■ YOUR TASK ■
Could the listing below be returned exactly, with its pictures left out?

■ STORED DATA ■
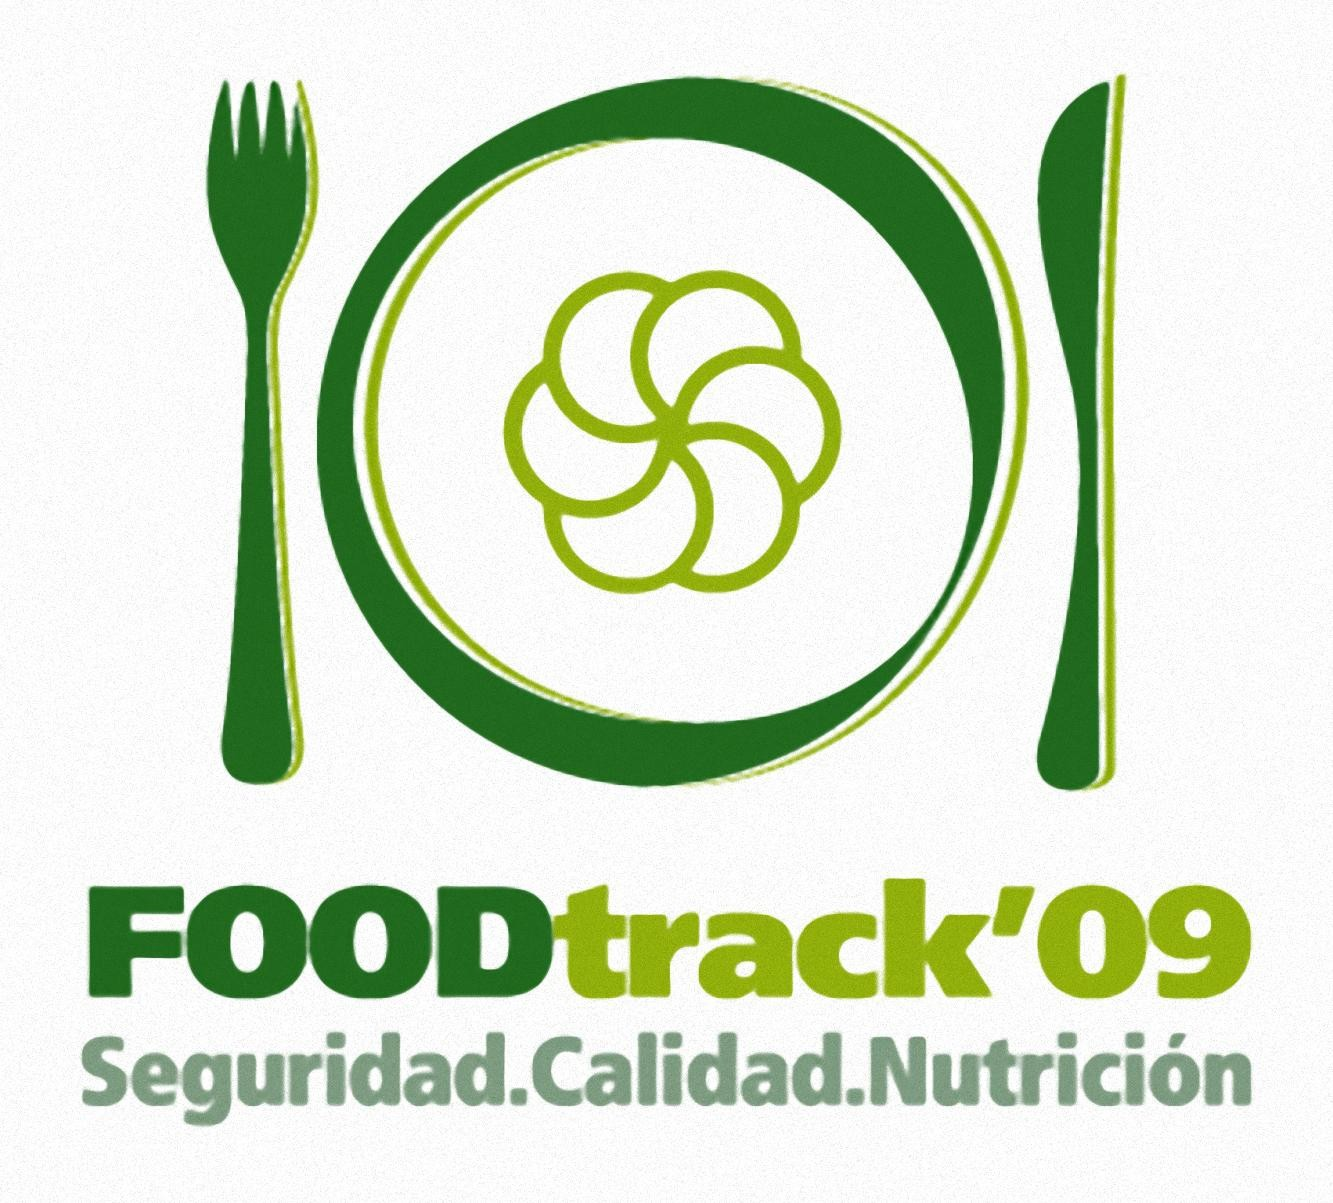 FOODtrack'09
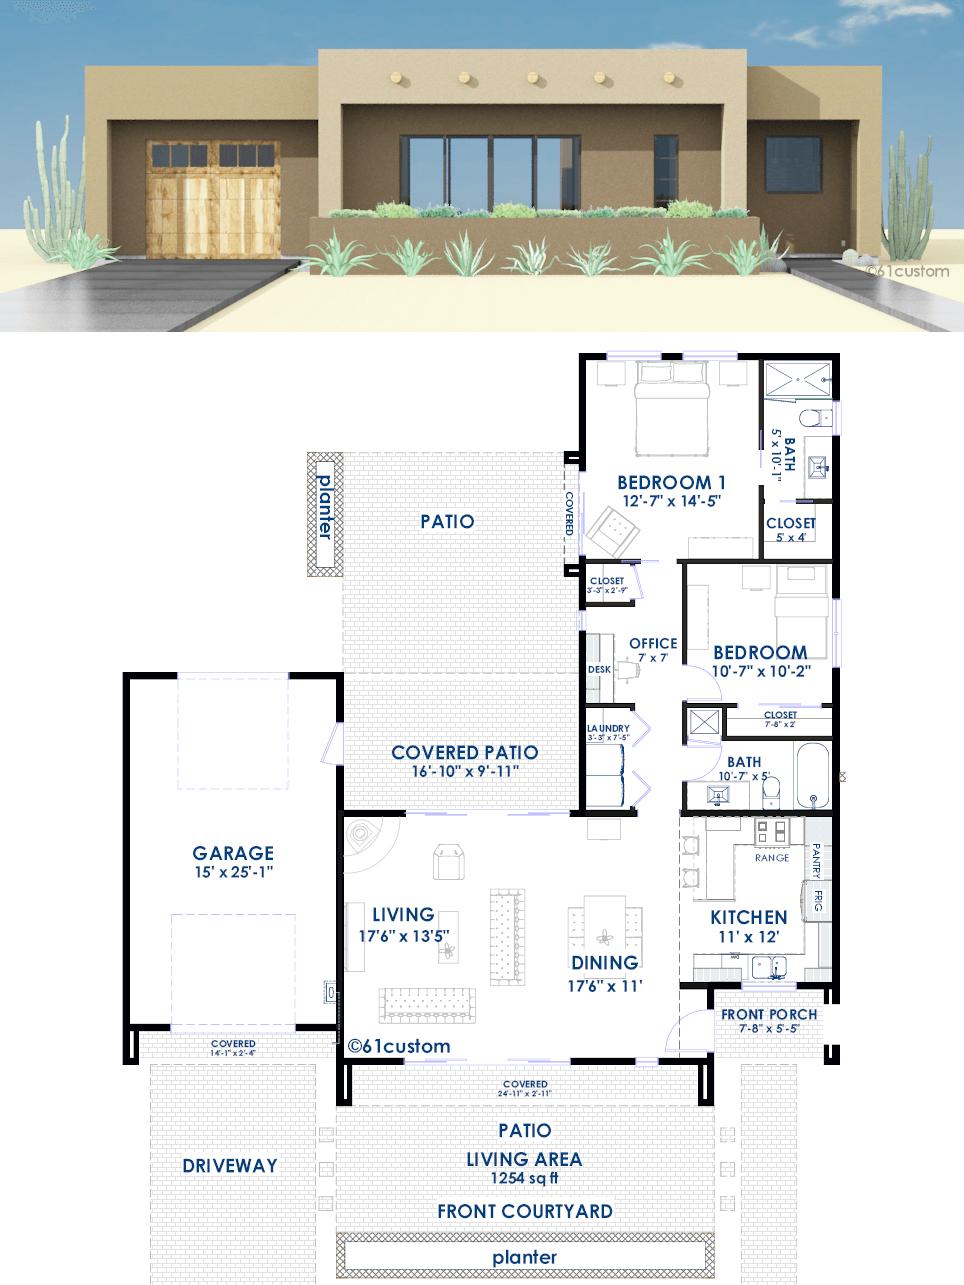 Contemporary Adobe House Plan 61custom Contemporary Modern House Plans
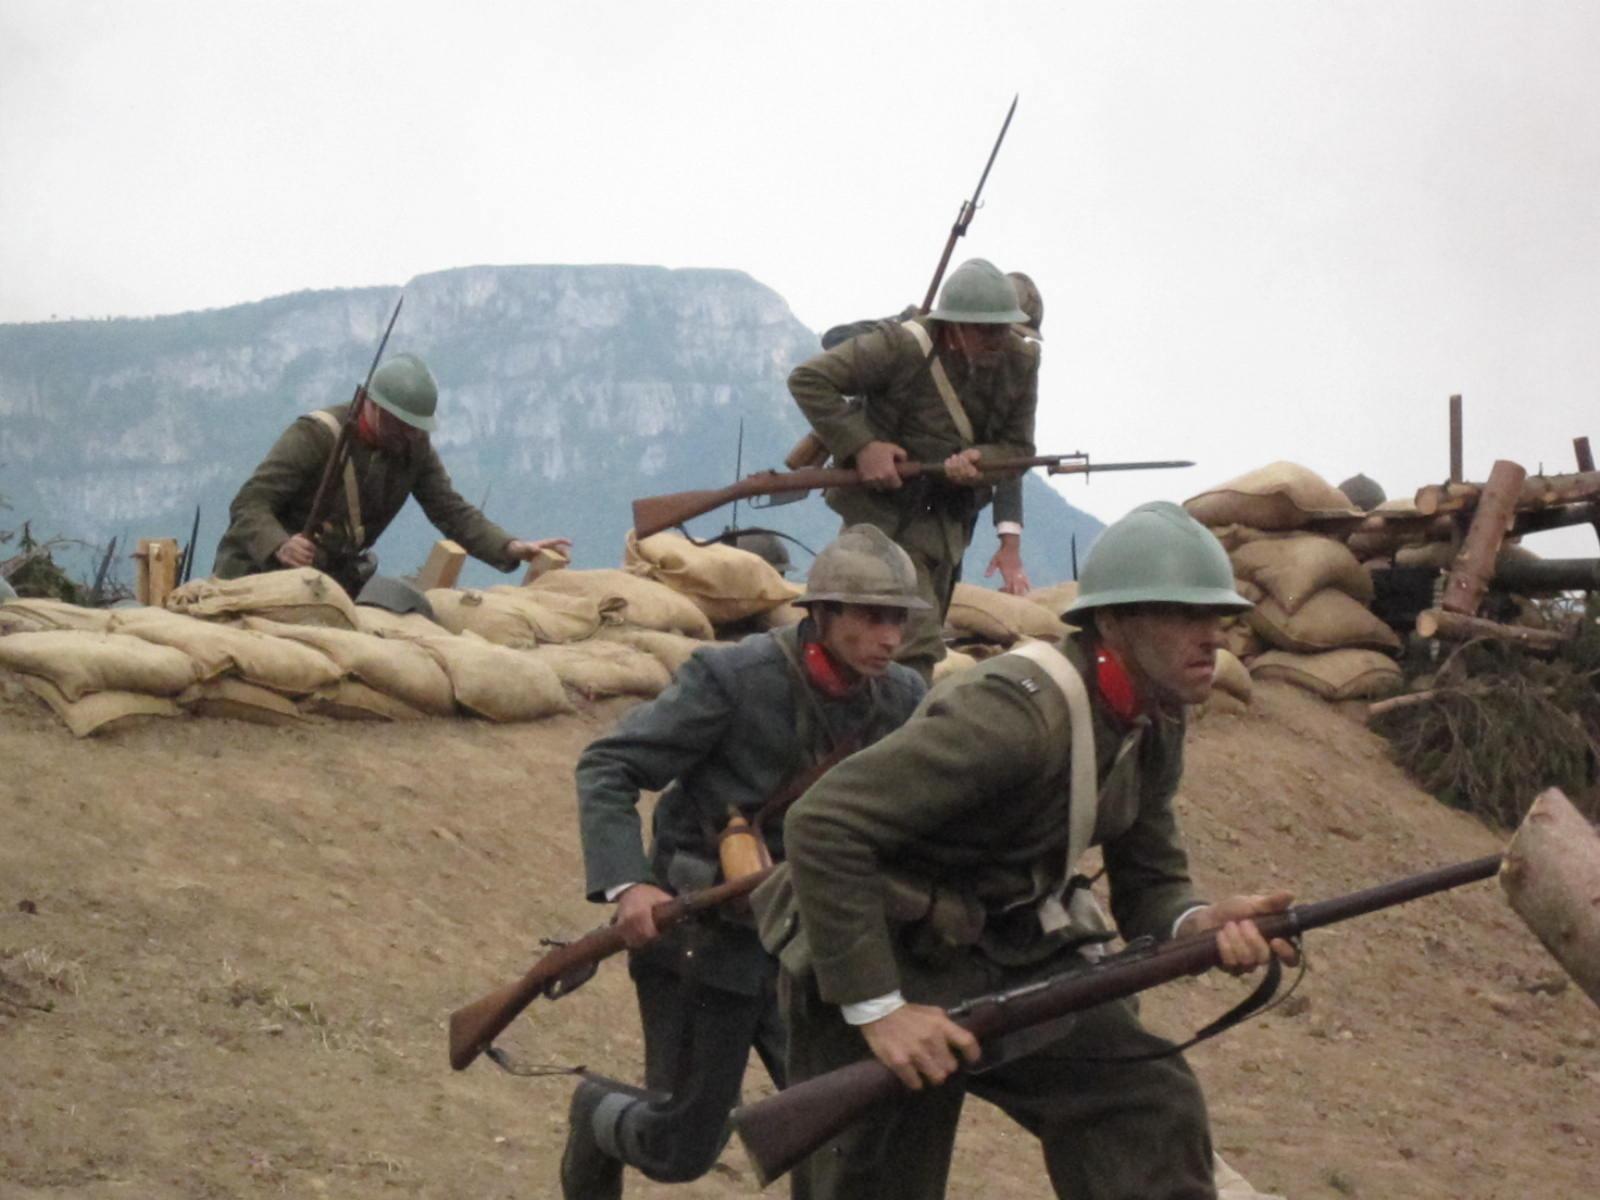 Fango e Gloria: una scena di guerra tratta dal film

■ WRITTEN ANSWER ■
 FOODtrack'09
 Contemporary Adobe House Plan 61custom Contemporary Modern House Plans
 Fango e Gloria: una scena di guerra tratta dal film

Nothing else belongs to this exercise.